Thiazide Diuretics for Hypertension in Kidney Transplant Recipients Using Tacrolimus
Status:
Completed
Trial end date:
2016-12-19
Target enrollment:
Participant gender:
Summary
Background: Calcineurin inhibitors (CNIs) are the most commonly used immunosuppressive drugs
to prevent rejection after kidney transplantation. However, the efficacy of preventing
rejection comes at the cost of important side-effects. Among the most common side-effects is
hypertension. Hypertension after kidney transplantation is clinically relevant, because it
increases the risk of cardiovascular disease and is associated with increased graft loss and
recipient mortality. The mechanism of CNI-induced hypertension is incompletely understood
and, therefore, the treatment is currently empiric.
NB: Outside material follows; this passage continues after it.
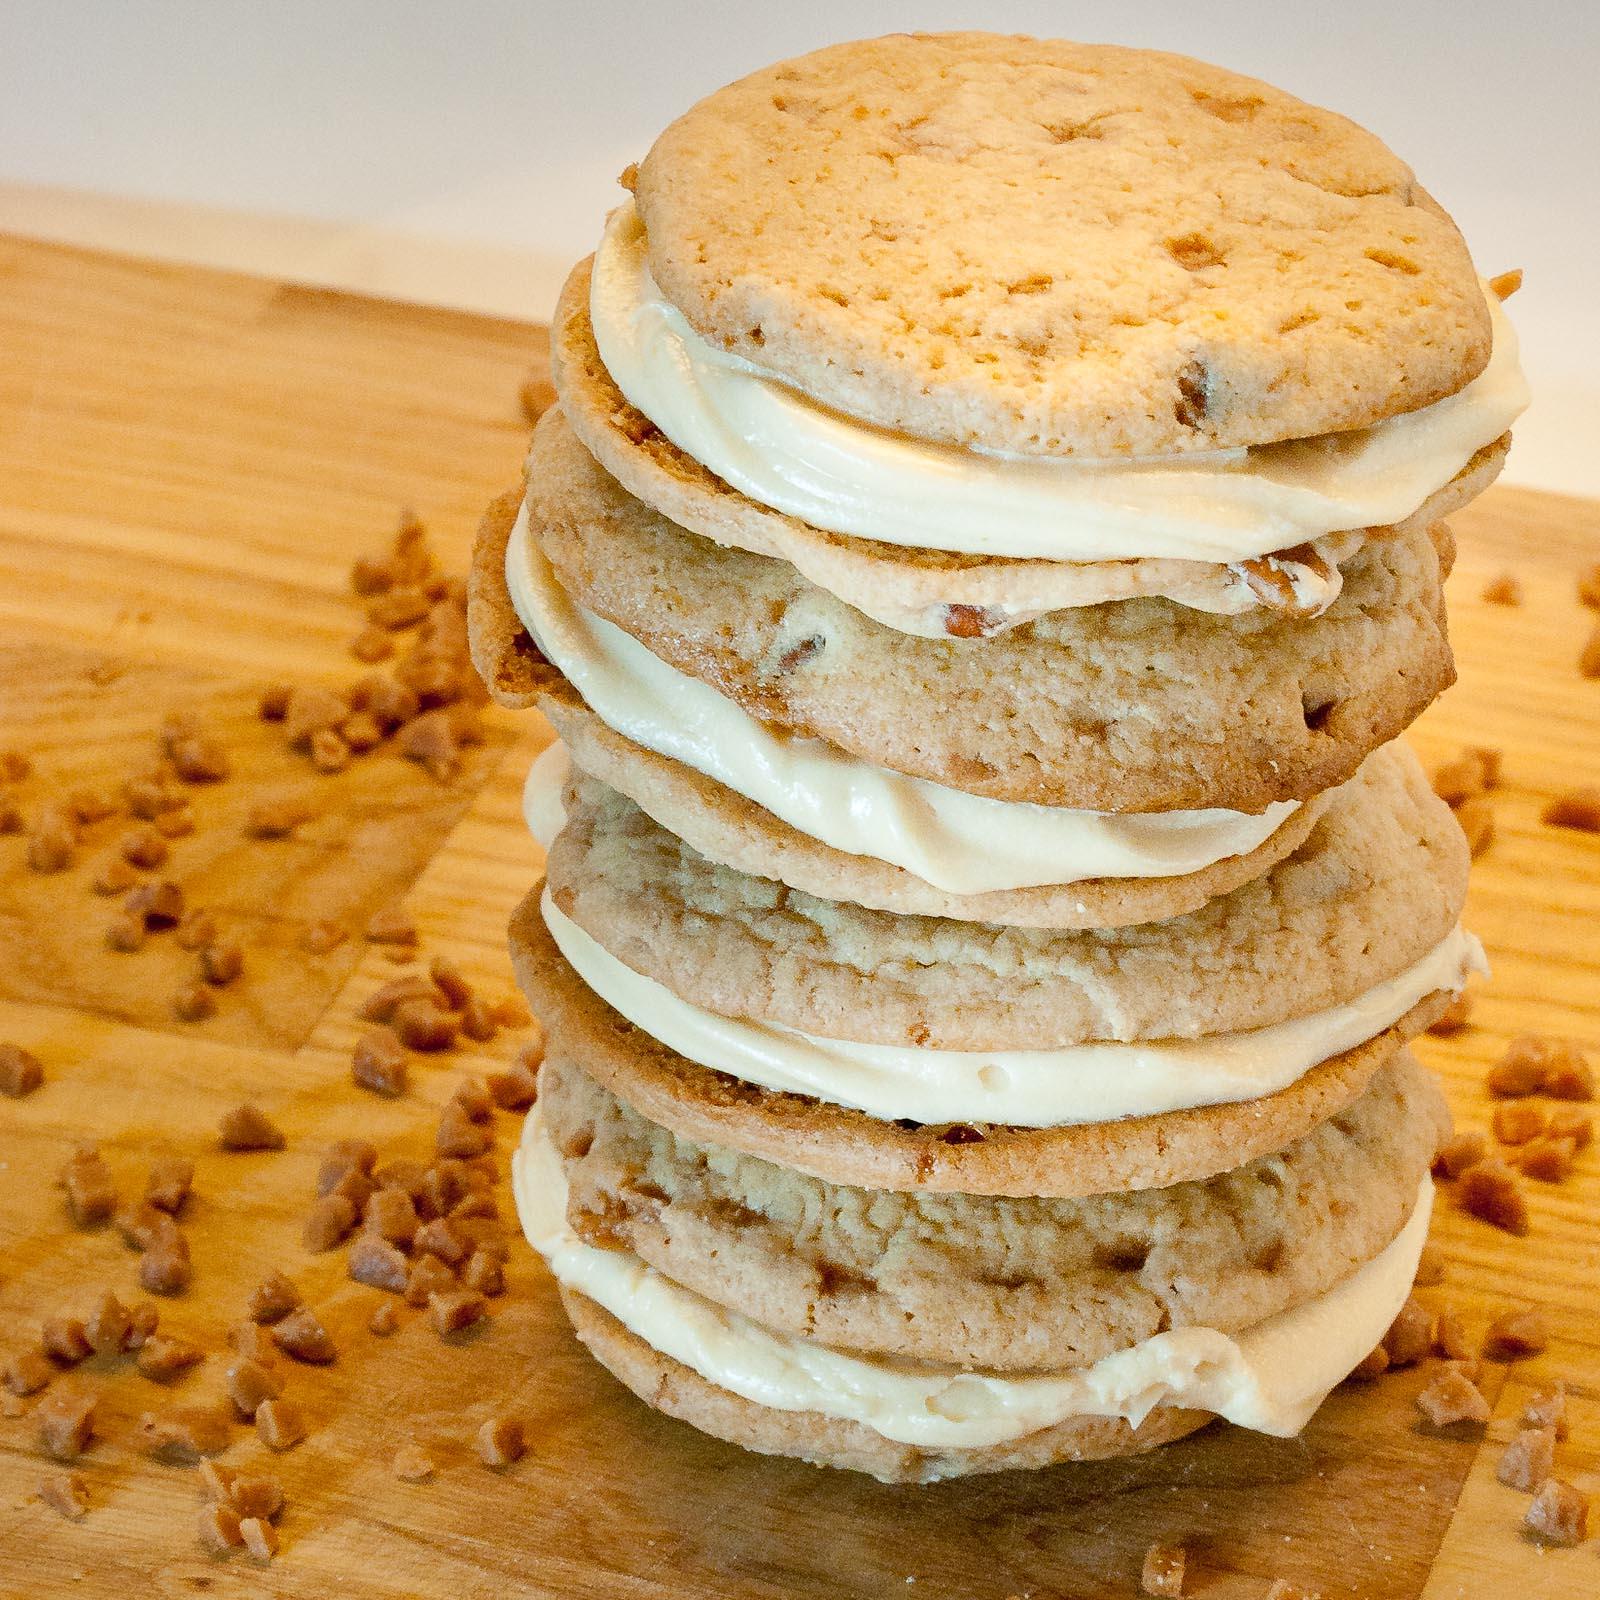 Sweet Twist of Blogging: Butter Pecan Wookie Pies

These and other investigators recently
showed that CNIs cause salt-sensitive hypertension by activating a sodium transporter in the
kidney, namely the thiazide-sensitive sodium chloride cotransporter.
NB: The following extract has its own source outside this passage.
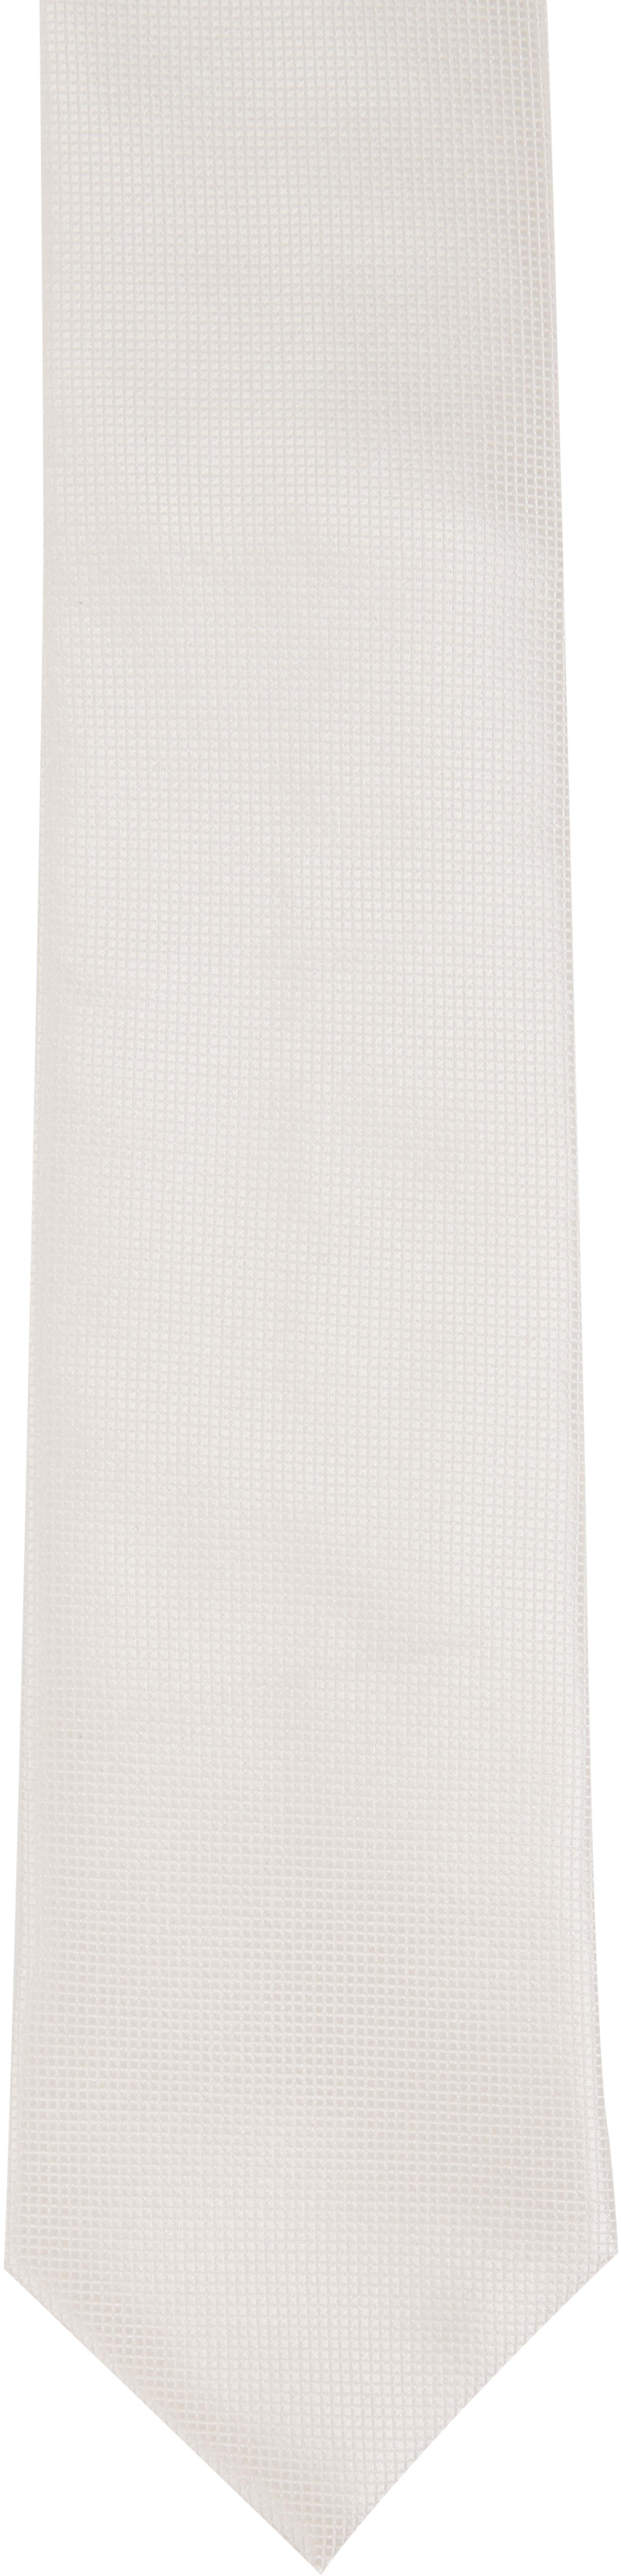 Wedding Tie + Pocketsquare Off-white foto 2

Hypothesis: The investigators hypothesize that thiazide diuretics are non-inferior to calcium
channel blockers (CCBs) (currently usually the treatment of choice) for the treatment of
CNI-induced hypertension.
Objective: To compare the blood pressure response to thiazide diuretics and CCBs in patients
with CNI-induced hypertension.
Study design: Single-center, randomized cross-over trial.
Study population: Kidney transplant recipients with a good functioning allograft (eGFR > 30
ml/min) who are hypertensive (daytime systolic blood pressure > 140 mm Hg) and who do not
have proteinuria (< 1 g/day).
Intervention: Patients will be randomized to receive chlorthalidone (12.5 mg once daily, if
needed titrated to 25 mg once daily) or amlodipine (5 mg once daily, if needed titrated to 10
mg once daily).
Main study parameters/endpoints: 24-hour blood pressure recording.
Nature and extent of the burden and risks associated with participation, benefit and group
relatedness: Both drugs have long been registered for the treatment of hypertension. The
side-effect profile of both drugs is considered to be equal. The burden of the study for the
patients are blood pressure measurements using 30-minute automated blood pressure measurement
and 24-hour ambulatory blood pressure measurement.